House Of Flying Daggers Zhang Yimou 2

BY Ian MackenziePublished Nov 17, 2016

House of Flying Daggers is more successful as a visual study of forests and the ass-kickers who live there than as the cohesive fable it aspires to be. It is, basically, a series of intricately choreographed martial arts sequences set against various colour-saturated forests — green bamboo, red/orange autumnal deciduous, stark white birch — with some wild-flower fields and rolling hills thrown in to create a sense of tone. Director Zhang Yimou (Shanghai Triad, Hero) knows how to milk a set piece for all it's worth and his fight sequences make the most of these locations. But interrupting the symmetry of this visual feast is its underdeveloped narrative, which is characterised by static dialogue and unlikely plot twists.

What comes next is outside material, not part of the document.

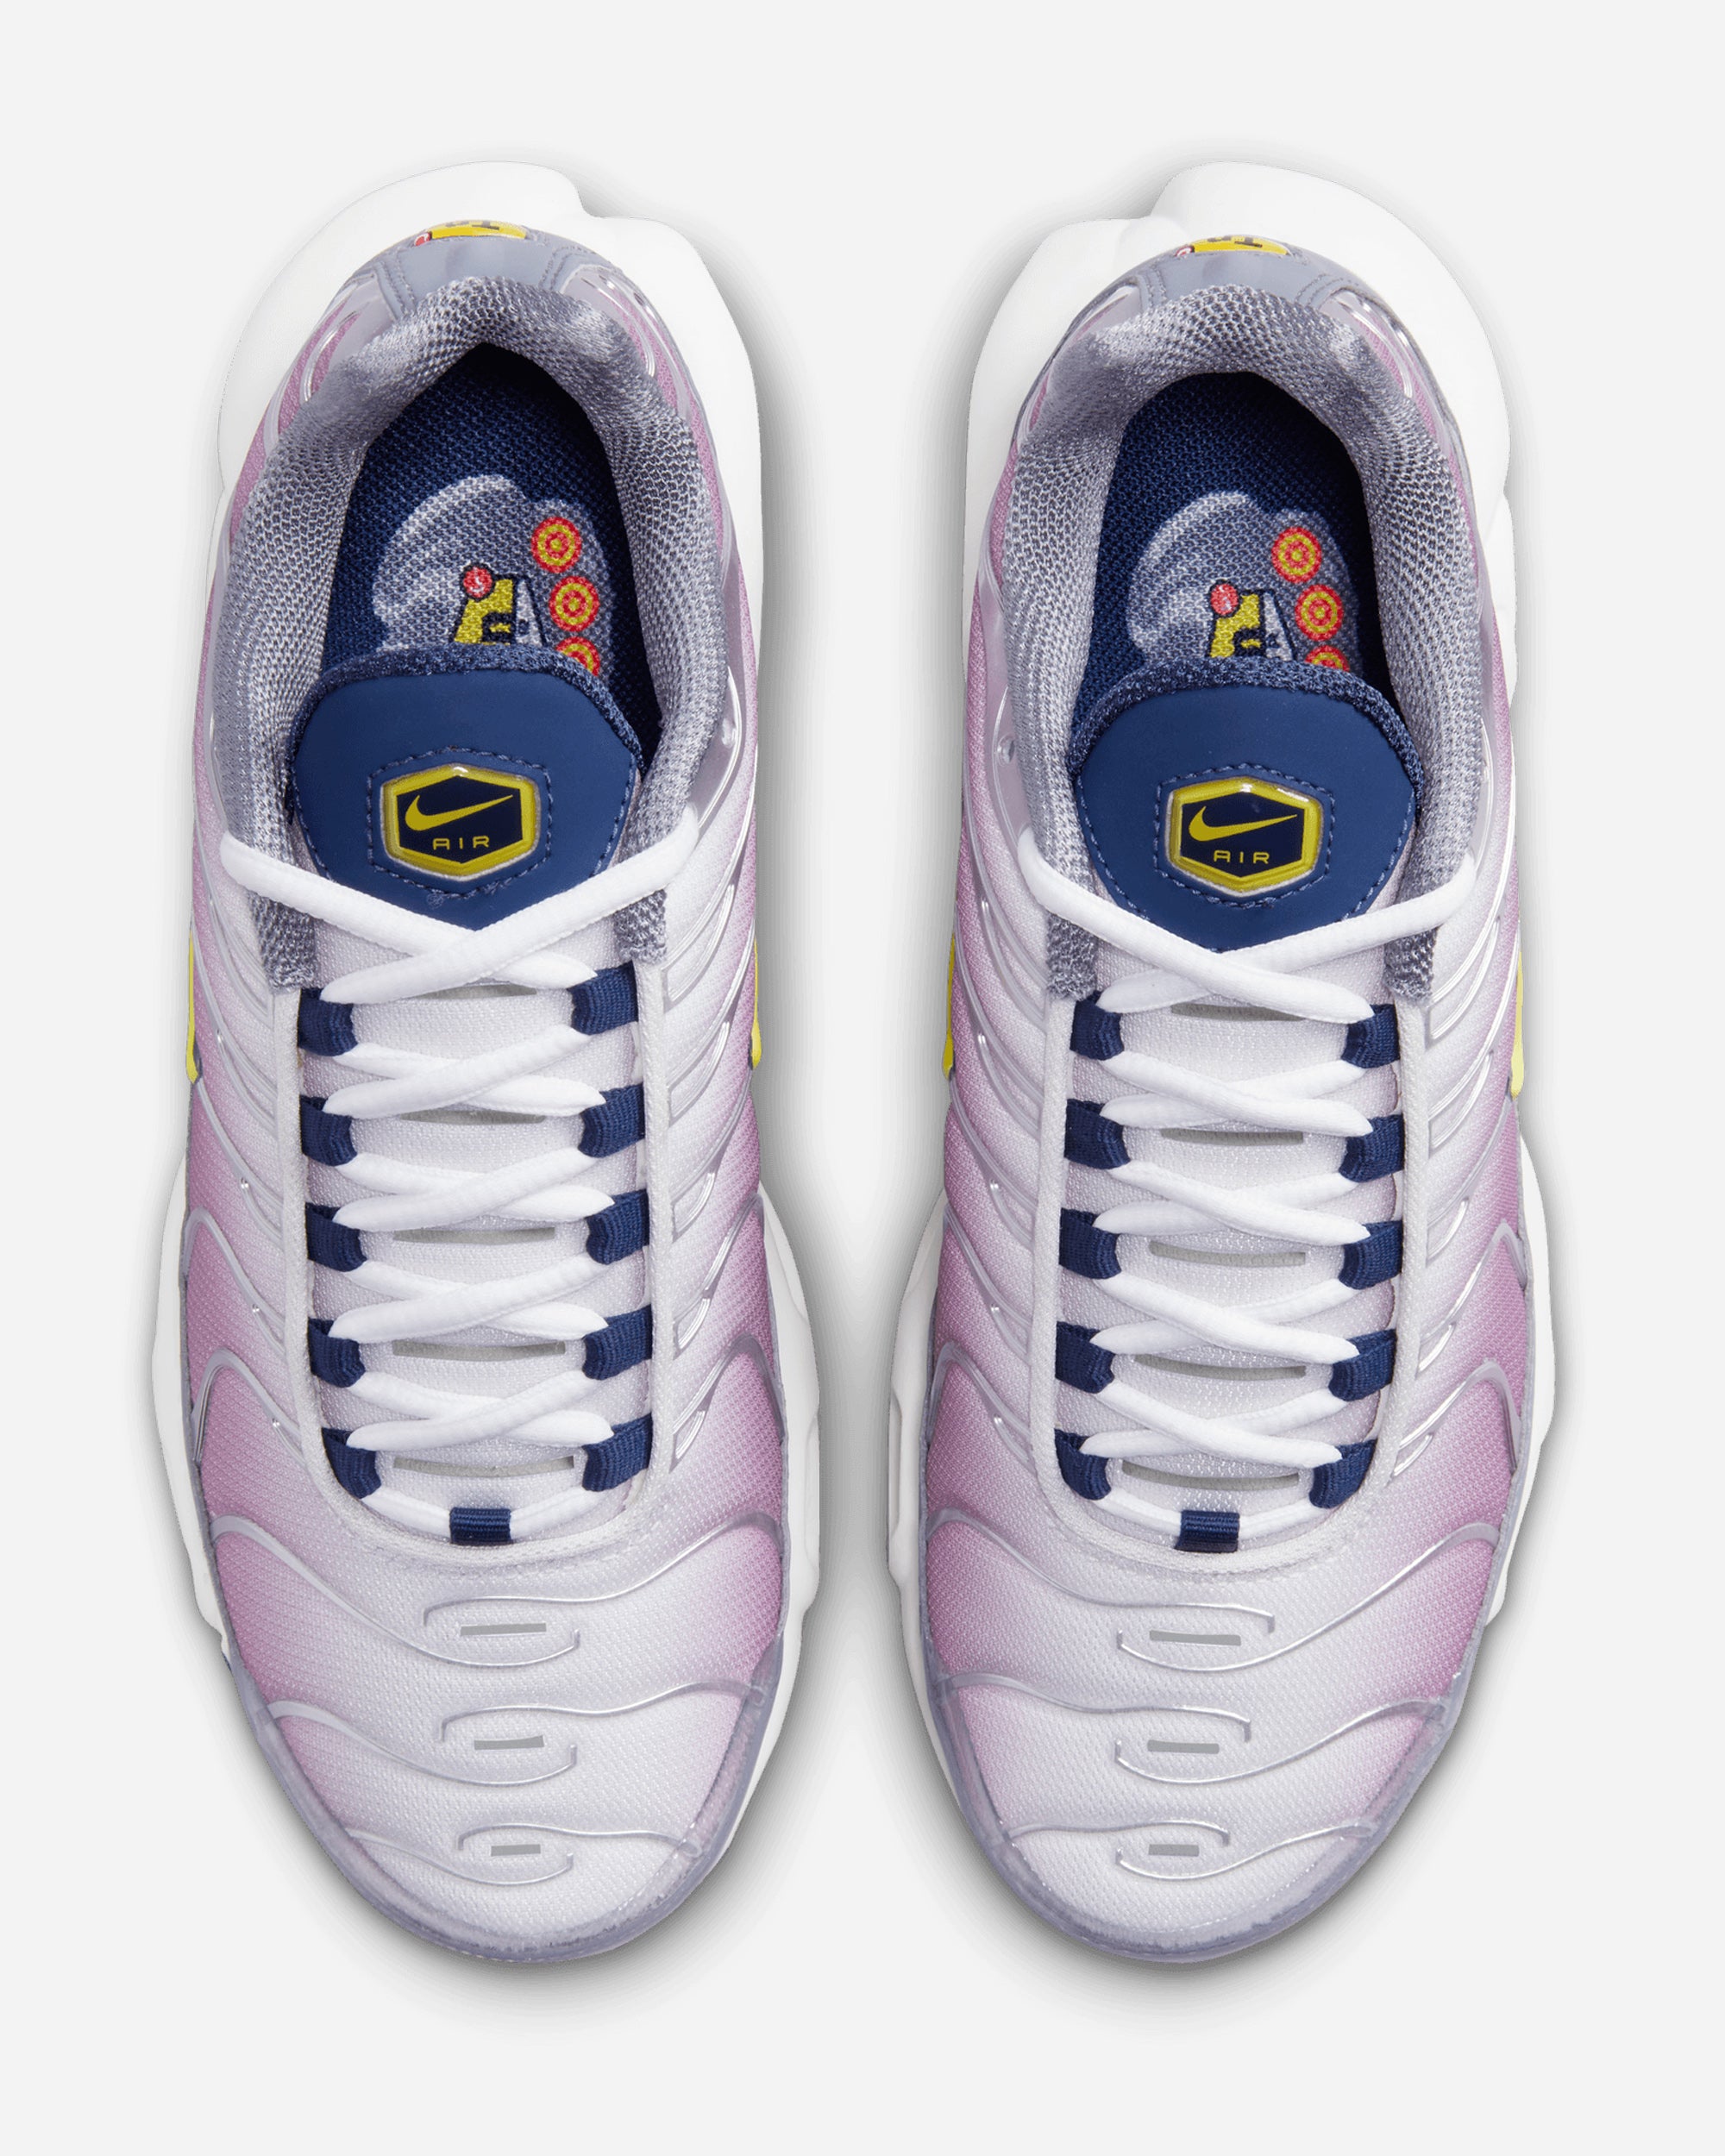 NIKE QS/TZ Air Max Plus 'Violet Dust and High Voltage' VIOLET DUST/HIGH VOLTAGE FN8007-500

The story, like its predecessor Hero, is set in feudal China at a time when the ruling classes live in constant fear of rebel plots to overthrow them. The most powerful of these rebel groups is called the House of Flying Daggers, a mysterious and deadly collective whose preferred method of destruction is the thrown knife. Hoping to infiltrate the group and locate its headquarters, two police captains arrange to rescue a blind revolutionary from prison and follow her back to the Flying Daggers. Along the way there's some double-crossing, a love story and lots of crying. All this must have looked good on paper but there's a stiffness to the dialogue that stands in contrast to the dynamic fight scenes. So, after each battle things tend to grind to a halt while characters bring the exposition up to speed, then there's another battle, followed by more awkward chitchat. It's not that the story is boring; it's just that the telling of it lacks the finesse brought to the more kinetic elements of the film. Perhaps the dialogue is more nuanced in its original Mandarin. This would explain Zhang's curious choice for the film's ending. Instead of giving us the major battle the entire film has been leading up to, he chooses instead to resolve the story's more personal aspects. (Mongrel Media)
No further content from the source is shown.